Announcement

Collapse
No announcement yet.

What age can children decide?

Collapse
This topic is closed.
X
X
 
  • Filter
  • Time
  • Show
Clear All
new posts

  • What age can children decide?

    Quick question: at what age can a child voice their opinion regarding spending more, or less, time with either parent?

    Thanks!

  • #2
    14....My husband's son is 14 and he has chosen to decide to reside with us and chooses access at his discretion, the Judge wont touch it and you can call your local police they will tell you there is nothing they can or will do at this age....also here is a publication I hope anyone reading this will find useful....
    http://www.jfcy.org/PDFs/Age_Based_Laws_May_2008.pdf

    Comment


    • #3
      sorry thay can actually voice at 12 and decide at 14...

      Comment


      • #4
        The judge in my case listened to and is respecting the wishes of my 9 year old. He chooses not to see his father any longer. He wrote a letter to the judge and the judge said he was very brave to do so. I agree

        Comment


        • #5
          wow thats awesome, I have herd in some cases they will allow a child a voice if they feel they are mature enough

          Comment


          • #6
            It's based on maturity. The de-facto age the kids start having a real voice and opinion is 12...by 14 it's pretty much what they want will go and at 16 no one can force them, not even the court order.

            If you have a court order specifying access, even before 16 the custodial parent should be doing everything in their power to enforce it. THAT is their legal responsibility. If they don't like it, go and change it.

            Comment


            • #7
              This is tough NBDad, at that age you can encourage it it but you cannot force it, especially if there is damage already done from a parent to a child, forcing it will only hurt a positive relationship. My advice is to get this child in counseling at the age of 12 they can go to counselling "without" parental consent. With my stepson we constantly encourage him to call and or visit his mother but he feels she ruined their relationship and she doesnt take an "active" role in his life for us to force it, he would wind up resenting us on top of resenting her. Ask around laws may be different province to province and municipality to municipality, but here we have been told at 14 if he moves out with someone 18 or over wiht whom he does not have a sexual relationship, there is nothing that anyone can or will do.....this tells you at the age of 14 they can decide indefinately

              Comment


              • #8
                Originally posted by NBDad View Post
                It's based on maturity. The de-facto age the kids start having a real voice and opinion is 12...by 14 it's pretty much what they want will go and at 16 no one can force them, not even the court order.

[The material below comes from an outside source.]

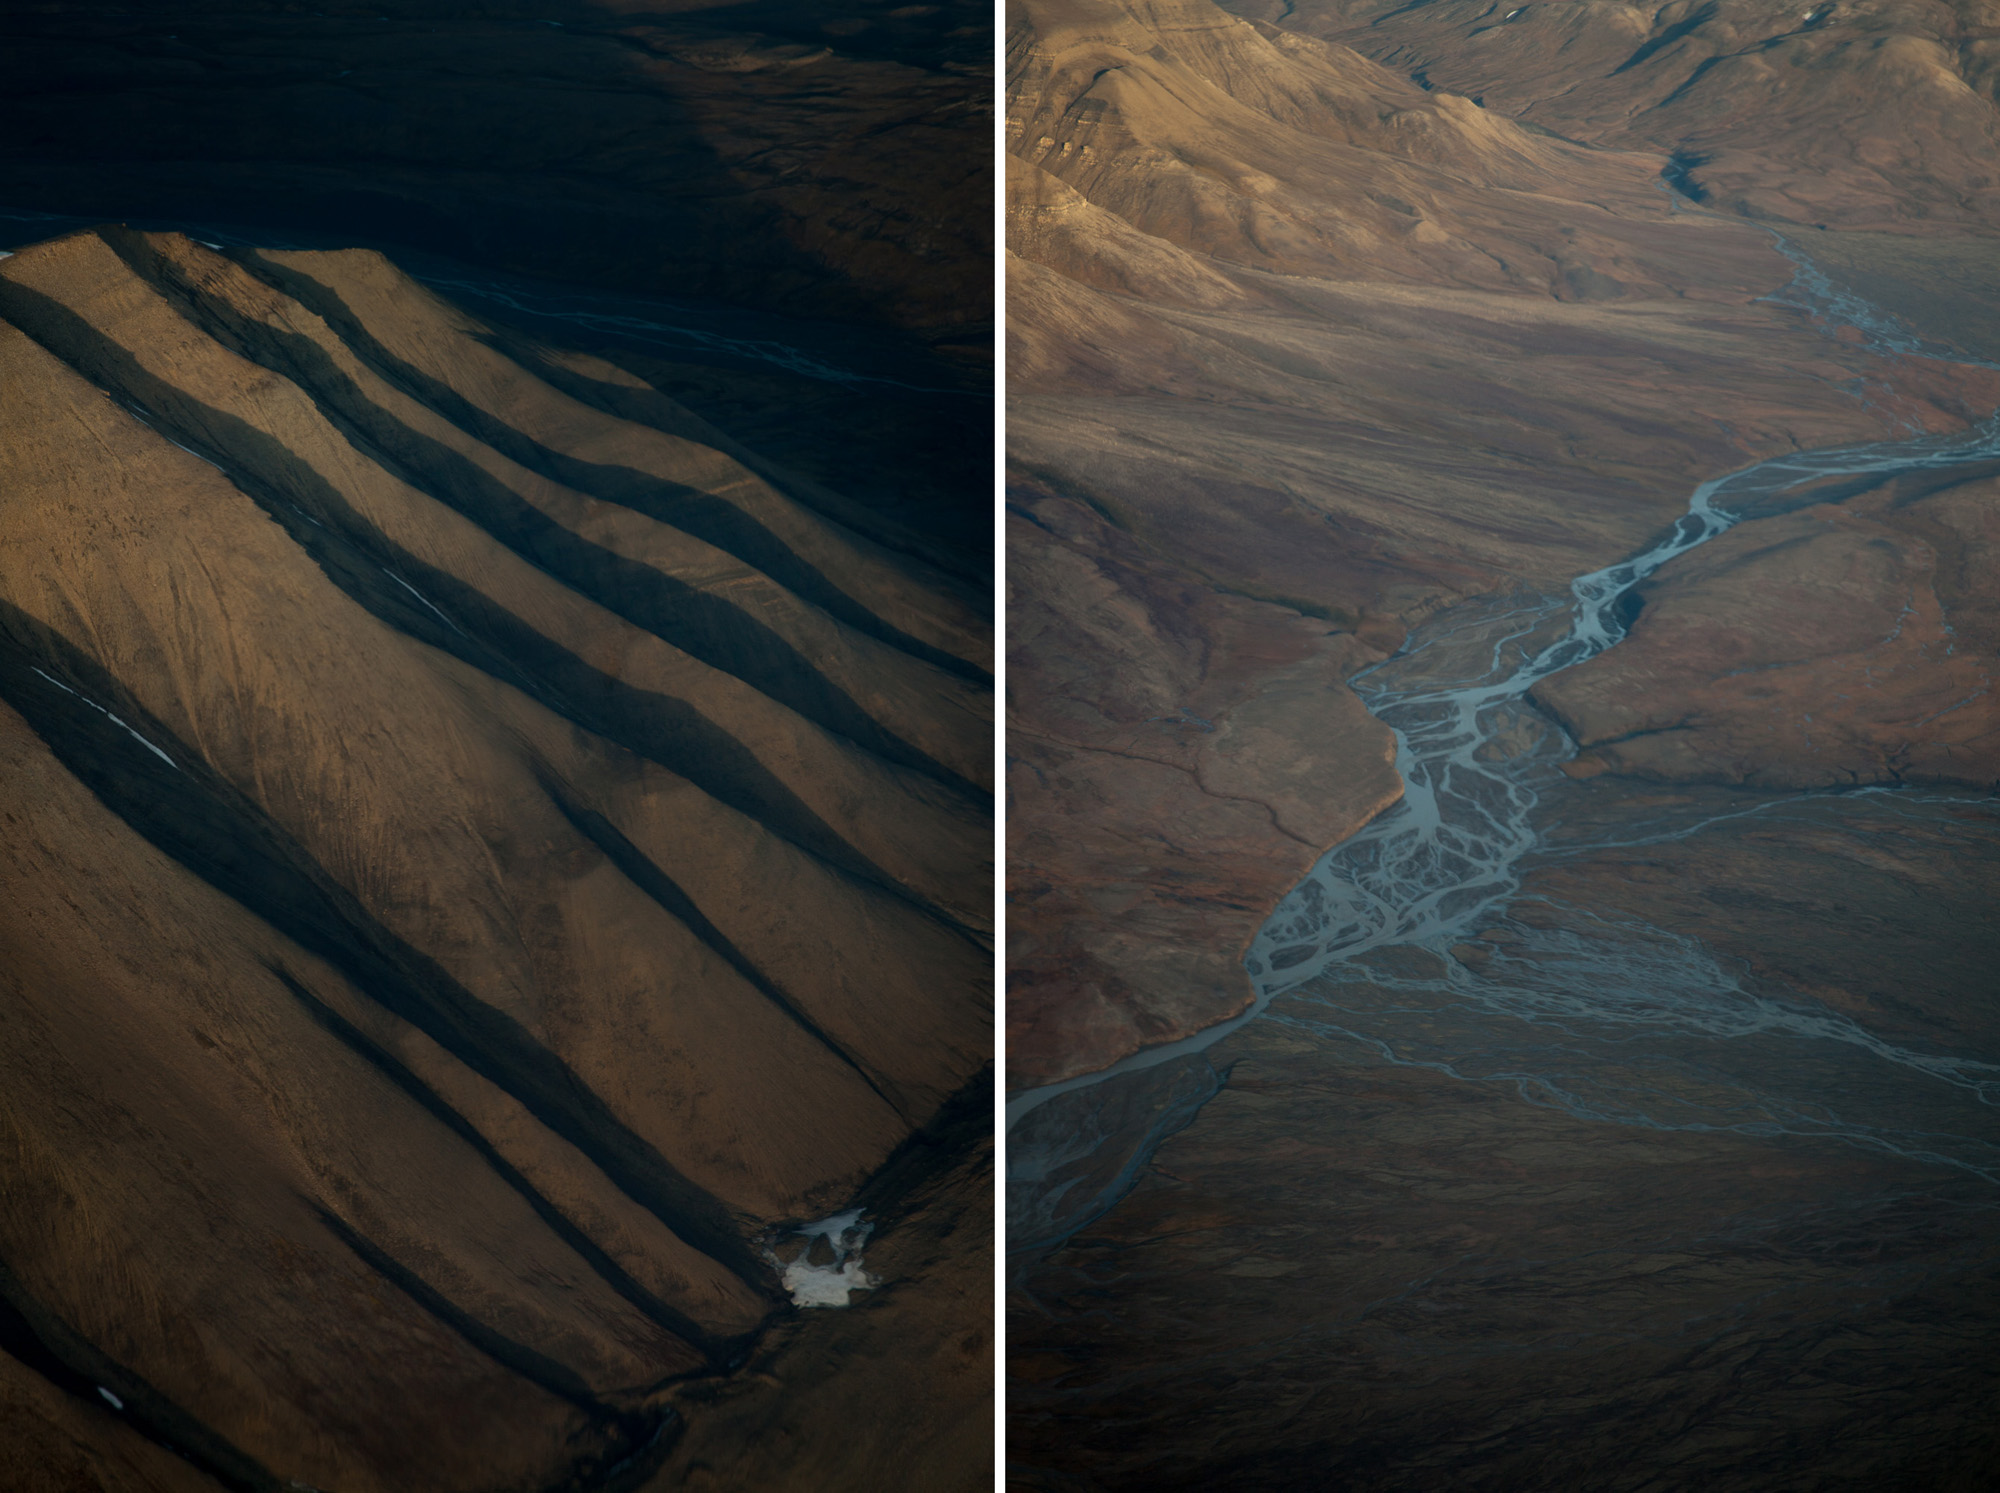 arctic-svalbard-01.jpg

                If you have a court order specifying access, even before 16 the custodial parent should be doing everything in their power to enforce it. THAT is their legal responsibility. If they don't like it, go and change it.
                NBDad is right on both accounts.

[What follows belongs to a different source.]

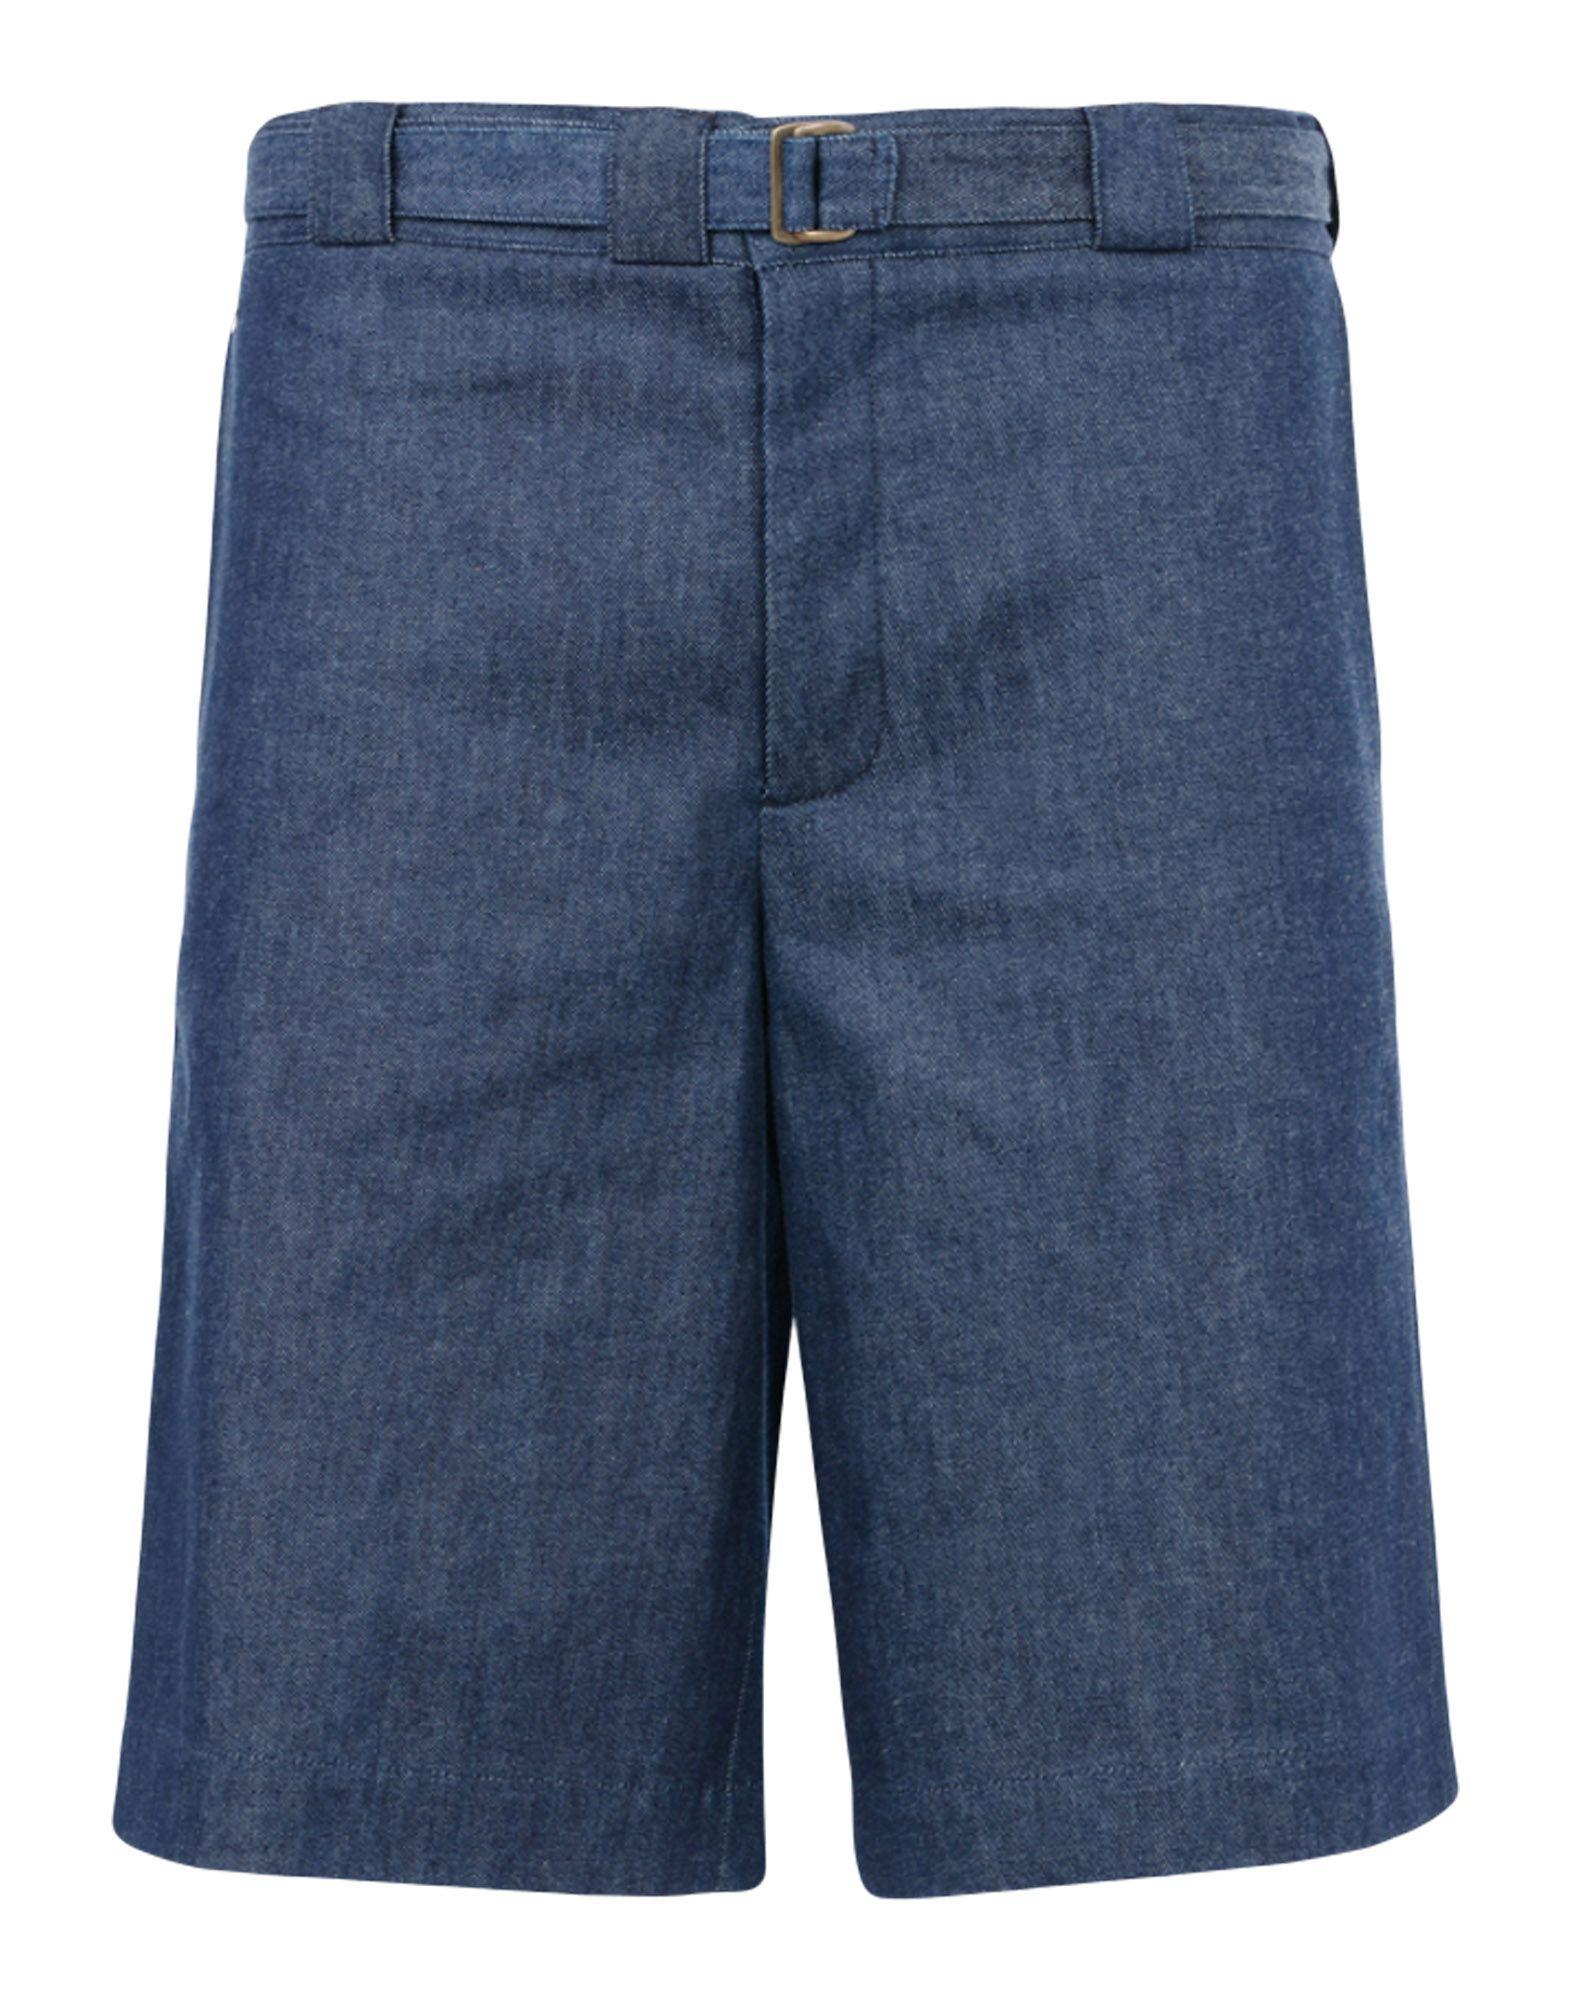 Shorts Jeans Missoni Uomo - Acquista online su

                At the age of 12 a judge will begin to take into consideration the childs wishes. But those wishes will be measured by any pressumed pressure from either parent, the maturity of the child and the basis for their reasoning. By the age of 14, generally maturity is a given, but the other factors remain. 16 they are legally able to move out on their own, so they are able to make decisions on their own.

                Also, even if the child puts up a stink about going with the NCP, the CP should be doing everything in their power to encourage the relationship and attend access. It isn't just a legal obligation, it is also in the best interests of the child.

                Comment


                • #9
                  In our case the child is now in secondary school and the 100km distnace is too much, he has said this in regards to his education, and we feel his decision was mature and well thought out. His mother lives an hour away and if he followed the current access schedule of 2-3 days at each residence his education would suffer greatly as it did in grade 8. He is in counselling and wants to rebuild a relationship in future but right now his education and HIS life is where his thoughts are.

                  Comment


                  • #10
                    The thing with a 14 year old is that if the NCP wanted to make things difficult, she could try and file contempt motions against you.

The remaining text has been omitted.